Kendi düşüncelerime göre yorumlamak gerekirse bende çocuklukta güven ve bağışlanma amaçlı bi ihtiyaç ve sosyal bir adaptasyon olduğunu düşünüyorum. Fakat inanışların zorunlu olmadığı bir toplumda yaşadığımızıda hatırlatmak isterim. Çünkü Din özgürlüğünün olduğu bir toplumda her birey, istediği inanç ve dini benimseyebilir ya da hiçbir dine inanmayabilir. Ona ne belli bir inancı benimsemesi için ne benimsediği inancı belli bir biçimde ifade etmesi herhangi bir baskı ve zorlamada bulunulamaz. Ayrıca benimsediği inançtan dolayı kınanması ya da suçlanması da doğru değildir. Bu nedenle kişinin bir inanç ve dini benimseyip benimsememesi, benimsediği inancı nasıl ifade edeceği tamamen akıl ve iradesiyle karar vereceği bir durumdur.
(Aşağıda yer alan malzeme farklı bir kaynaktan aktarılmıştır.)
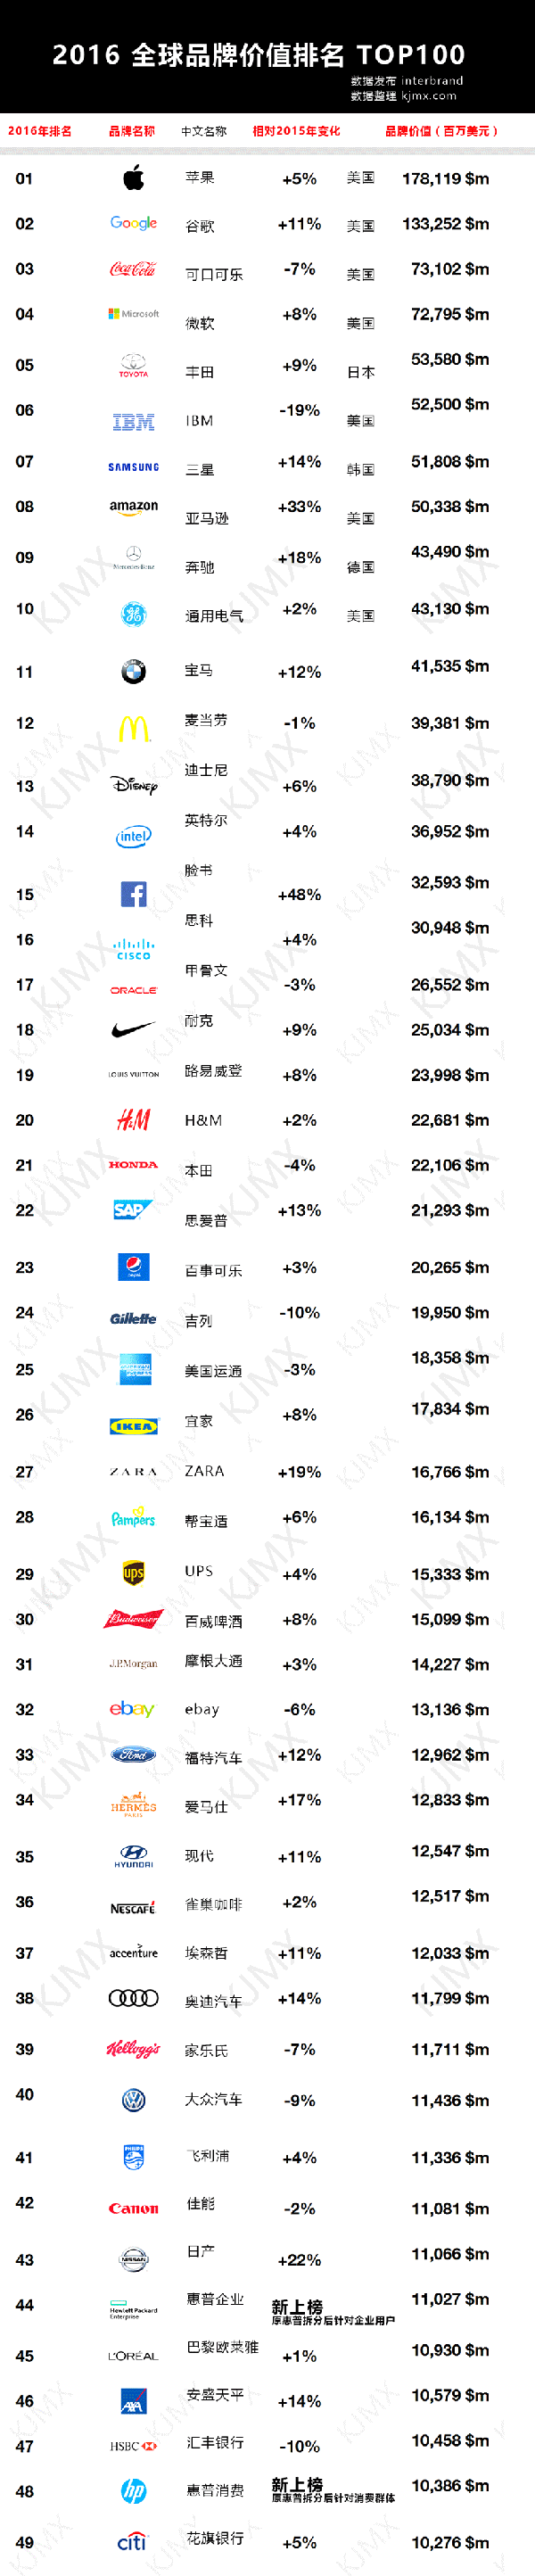 码报:【j2开奖】全球品牌排名前100 中国入围2家 你猜是谁

Din hürriyetinin bilinçli bir biçimde kullanılması ve başka bireylerin dinî özgürlüklerine saygı gösterilmesi gerekmektedir. Özellikle, farklı dinleri ya da teolojik kanaatleri benimseyen insanların aynı toplumda iç içe yaşadığı günümüzde bu bir zorunluluktur. Ancak insanların bu konuda gereken duyarlılığı gösterebilmeleri için din hürriyetinin doğuştan gelen haklardan olduğuna inanmaları şarttır.
Sonuç olarak bana göre belirli bir dine inanan insanlar katı kurallar karşısında özgürlüklerinden men ediliyor, yani köleleştiriliyorlar. Tabiki buda onların seçimi olduğu için karışılması söz konusu değildir. İstek üzerine bir dine mensup olmayan, çevresi tarafından zorlananlar ise cidden inanışlarına tutsak kalmış kişilerdir ve yardıma ihtiyaçları vardır.